Le rapport de l'ANA a suscité une vive réaction des organismes officiels. La déclaration du Comité international olympique (CIO) indique que « le rapport est profondément choquant ». Si les violations de la législation antidopage sont avérées, le CIO est prêt à « réagir en appliquant une politique de tolérance zéro ». Le président de l'IAAF Sebastian Coe a déclaré que, dans le contexte actuel, il serait judicieux que la Russie rappelle son équipe d'athlétisme.

Le ministre russe des Sports Vitali Moutko a quant à lui appelé à adopter une approche plus globale vis-à-vis de la lutte antidopage. « L'isolement est nocif pour tout le monde. Nous ne sommes pas les seuls à avoir des problèmes dans l'athlétisme. Nous ne pouvons pas rejeter tous les problèmes de l'athlétisme sur la Russie », a déclaré M. Moutko à l'agence R-Sport. Le ministre des Sports a également indiqué que le laboratoire de Moscou avait été minutieusement contrôlé par l'AMA et n'avait pas suscité de griefs.

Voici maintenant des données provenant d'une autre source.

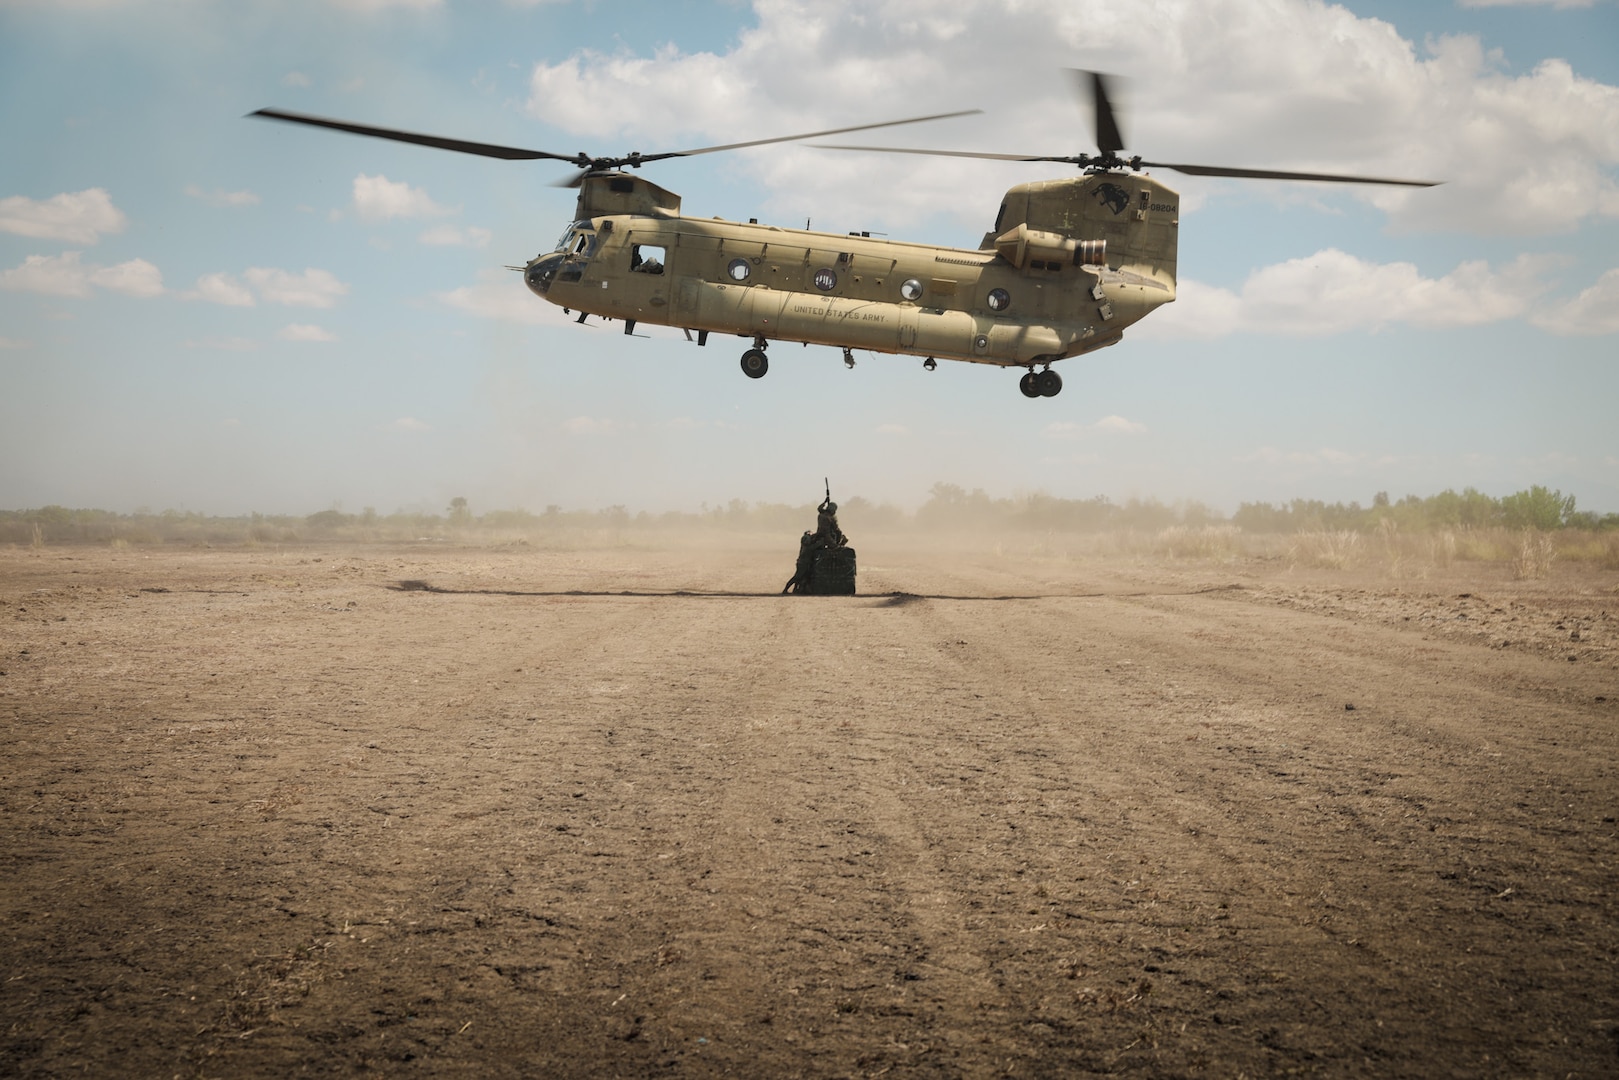 U.S. Army Soldiers assigned to the 25th Infantry Division Sustainment Brigade, 25th Infantry Division alongside Philippine Army Soldiers assigned to 7th Service Support Battalion, Army Support Command, and Special Forces Regiment Airborne conduct sling load training using A22 cargo bags with a CH-47 Chinook helicopter from the 25th Combat Aviation Brigade, 25th Infantry Division in support of Exercise Balikatan 24 at Fort Magsaysay, Philippines, April 22, 2024. BK 24 is an annual exercise between the Armed Forces of the Philippines and the U.S. military designed to strengthen bilateral interoperability, capabilities, trust, and cooperation built over decades of shared experiences. (U.S. Army Photo by Spc. Kai Rodriguez, 28th Public Affairs Detachment)

« À l'approche des Jeux olympiques de Sotchi, près de 30 spécialistes de l'AMA avait étudié le travail du laboratoire à la loupe pendant 6 mois. Ensuite, nous avons organisé des Jeux olympiques extraordinaires. Puis nous avons organisé le championnat de natation à Kazan qui a également été salué. Je ne sais pas ce qui s'est passé au cours de ces six mois, mais nous avons de nouveau des problèmes avec le laboratoire, dont la moitié est rattrapable, et pour l'autre moitié, il n'y a pas de preuves », a déclaré Moutko sur la chaîne de télévision Rossiya 24.

Dans un entretien avec TASS, le directeur exécutif de RUSADA Nikita Kamaïev a qualifié le rapport de l'AMA de « brut ». « Je vois… des déclarations sans preuves. À l'heure actuelle, toutes les accusations sont infondées ». M. Kamaïev a par ailleurs précisé que son organisation avait lancé sa propre enquête interne.

Qu'en pensent les experts ?

Le juriste sportif Artiom Patsev estime que les accusations de l'AMA sont motivées politiquement. « C'est pourquoi toute l'information est présentée sous la forme de « recommandations ». Car, s'ils avaient des raisons de disqualifier, ils l'auraient déjà fait », a-t-il déclaré à R-Sport.

Sergueï Ilioukov, spécialiste d'antidopage, prédit, au contraire une issue négative pour la Russie. « Le rapport semble plutôt affirmer que prouver quelque chose. Je pense que les discussions se poursuivront. Je suis convaincu qu'il y aura des conséquences et je n'exclus pas qu'elles seront déplorables pour la Russie », précise-t-il dans un entretien avec Sports.ru

L'expert estime également que les racines du problème se trouvent dans la base même de l'organisation du sport en Russie. « Les succès sportifs sont très appréciés en Russie, ils ont un objectif politique. La mission est simple : tu dois gagner, un point c'est tout. Personne ne pense à la suite. Le dopage est plus simple, il coupe tout ce qui est inutile, c'est le chemin le plus court vers la victoire ».